Petite soeur mon amour

Petite soeur, mon amour

"Petite soeur, mon amour" de Joyce Carol Oates est inspiré d'un fait divers tragique américain datant de 1996, qui n'a jamais été élucidé mais qui a fait le miel des tabloïds pendant des années. Dans le roman, les faits sont les suivants : dans une famille américaine aisée où grandissent deux enfants, la cadette, dès l'âge de 4 ans, entame une carrière fulgurante de patineuse sur glace. Toute la famille accède dès lors à une petite notoriété, qui devient une célébrité nationale lorsque la petite championne est assassinée dans la cave de la maison familiale sans que le meurtre soit jamais expliqué ni le meurtrier retrouvé. L'enquête connait de multiples rebondissements, parmi lesquels les inculpations des membres de la famille puis celle d'un pédophile local. Bien entendu, l'interêt du roman de Joyce Carol Oates va bien au-delà de l'enchaînement de ces faits sordides...

Tout d'abord, l'auteure fait montre d'un talent de narration à couper le souffle ! Elle est si à l'aise avec le récit qu'elle peut se permettre toutes les originalités qui pourraient entraver l'attention du lecteur mais qui ne font que pimenter la lecture : notes de bas de page à rallonge du narrateur (le grand frère), digressions diverses, tirades sans fin des protagonistes (les parents, insupportables), va et vient entre les époques, adresses très familières au lecteur venant du narrateur... Tout ceci donne du panache au roman, c'est osé mais maîtrisé parfaitement.

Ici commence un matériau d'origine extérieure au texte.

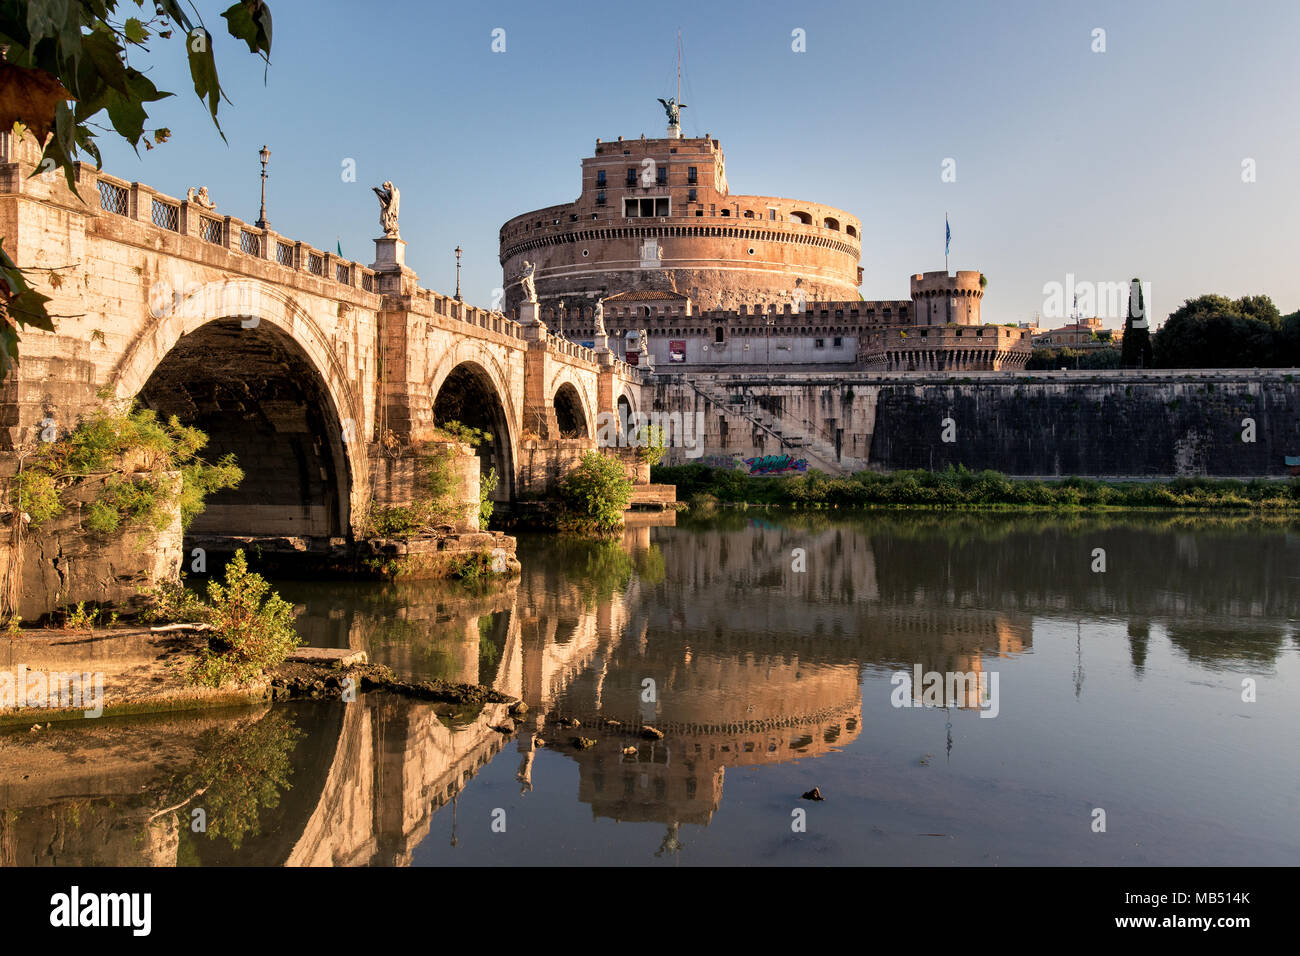 San't Angelo Castle in Rome, Italy Stock Photo

Par ailleurs ce roman fait une peinture absolument cynique de l'Amérique disons reaganienne, dans tout ce qu'elle a de plus faux et de plus névrosé. Les parents de la pauvre Bliss (la patineuse assassinée) sont des caricatures d'américains ambitieux, tellement englués dans les stéréotypes de genre et de classe, tellement préoccupés par la construction de leur image sociale qu'il n'y a plus guère de place pour les sentiments, si ce n'est la haine de soi et des autres, dissimulée avec difficulté. Il faut bien préciser que malgré le drame qui constitue l'iintrigue de ce roman, on rit : en effet, le frère de Bliss, le narrateur, devenu dépressif et drogué mais dans une quête de sincérité sans limite, dépeint avec une cruauté jubilatoire ses parents et le milieu dans lequel il évoluait enfant, et l'on se régale de sa façon de présenter les choses. Au milieu, la pauvre Bliss, petite poupée manipulée, fait l'objet d'une tendresse posthume très touchante de la part de son grand frère. Ce garçon brisé qui nous narre son histoire intime et le spectacle de la splendeur et de la misère de  sa famille sur 700 pages nous devient proche comme un frère. La portée politique de ce roman est évidente : satire sociale, dénonciation de la société du spectacle qui se nourrit de vies broyées ou fondées sur des mensonges.